Cachez ces banlieues que nous ne saurions voir. Etranges, opaques, assommantes. Un sentiment de malaise, un nouvel unheimlich nous envahit lorsque nous pénétrons entre ses murs. Même si jusqu’à preuve du contraire la banlieue n’est pas encore l’équivalent du ghetto de Varsovie, les médias, les ouï-dire et les ouï-lire nous accompagnent. Et justement la psychanalyse dont on nous dit qu’elle n’intéresse plus personne ne disposerait-t-elle pas des outils les plus à même de dresser une carte de cette terra incognita ? C’est le pari de ce livre.

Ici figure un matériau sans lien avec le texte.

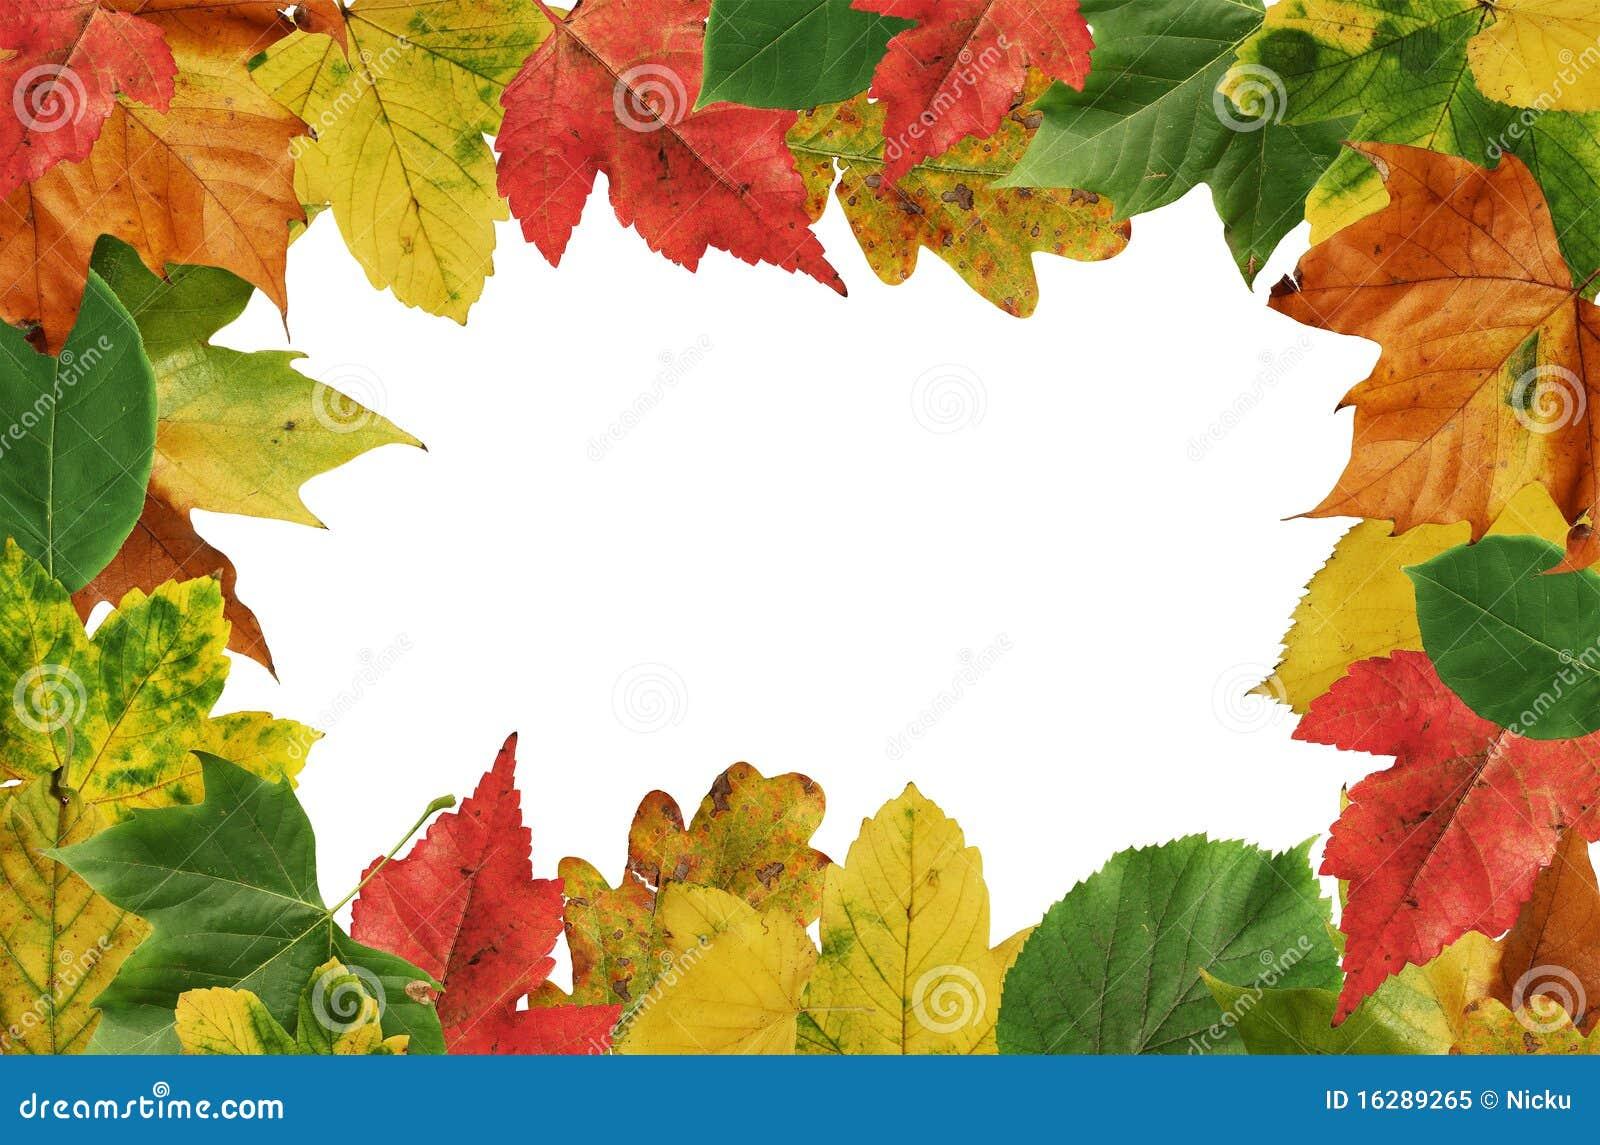 Autumn leafs frame

Aujourd'hui certains de ses praticiens s’installent en ces lieux ce qui n’est pas sans panache ni sans audace. Puisqu’à côté de cette inquiétante étrangeté sociale dont les médias se font l’écho depuis des lustres s’en dévoile une autre, psychique, clinique. C’est d’abord le sujet de cet essai qui le rend intéressant, forcément, vu le nombre de « spécialistes » qui en ont fait le tour sans y pénétrer comme les lieux dont il est question.
On dit depuis quelque temps qu’il se dessine de nouvelles pathologies dans le corps social. Ces banlieues en seraient-t-elles à la pointe ? Une consultation de banlieue ne semble pas relever des catégories cliniques classiques. Celles issues des principaux concepts de Freud et de Lacan. L’auteur pose donc des questions-clés. Ces principaux concepts sont-t-ils des invariants ou bien peuvent ils changer ? Seraient-ils en train de changer ? Est-ce une clinique spécifique ? Pourquoi pas une clinique des classes sociales pendant qu’on y est ? Aller voir du côté de la fonction paternelle, « loi définitive de l’humanité », peut apporter des réponses. Du côté du transfert également. Prudent mais charpenté, ce livre se propose avec les outils de la psychanalyse, au moyen d’un excellent panorama de la dialectique lacanienne qui peut à l’occasion être didactique, de pénétrer dans ce nouveau far-west.
La thèse de l’auteur peut s’énoncer ainsi : cette « clinique des banlieues » fait l’état des lieux des bouleversements de la fonction paternelle dans un monde soumis à l’impact massif du discours du capitaliste. Lequel viendrait subvertir le discours du maître, lieu des signifiants maîtres du contrat social. Or le père joue un rôle essentiel à l’échelle du lien social. L’auteur met à vif les formes de cette défaillance : dénonciation, refus, démenti, déni, forclusion ? Ce discours nie la subjectivité et la dimension du manque. Il fait fi de la castration. Le consumérisme incline à cette pente permanente à jouir en substituant une succession infinie d’objets au réel objet du manque. Les individus et les objets sont interchangeables. Progrès technologique égale progrès social ? Que deviennent les places de père réel, symbolique, imaginaire, soumises à cette nouvelle horizontalité dans laquelle ces nouvelles générations sont immergées depuis leur naissance ? Atténuation des disparités symboliques des positions des deux parents, enfants devenus objets de l’économie parentale, sentiment de filiation atténué.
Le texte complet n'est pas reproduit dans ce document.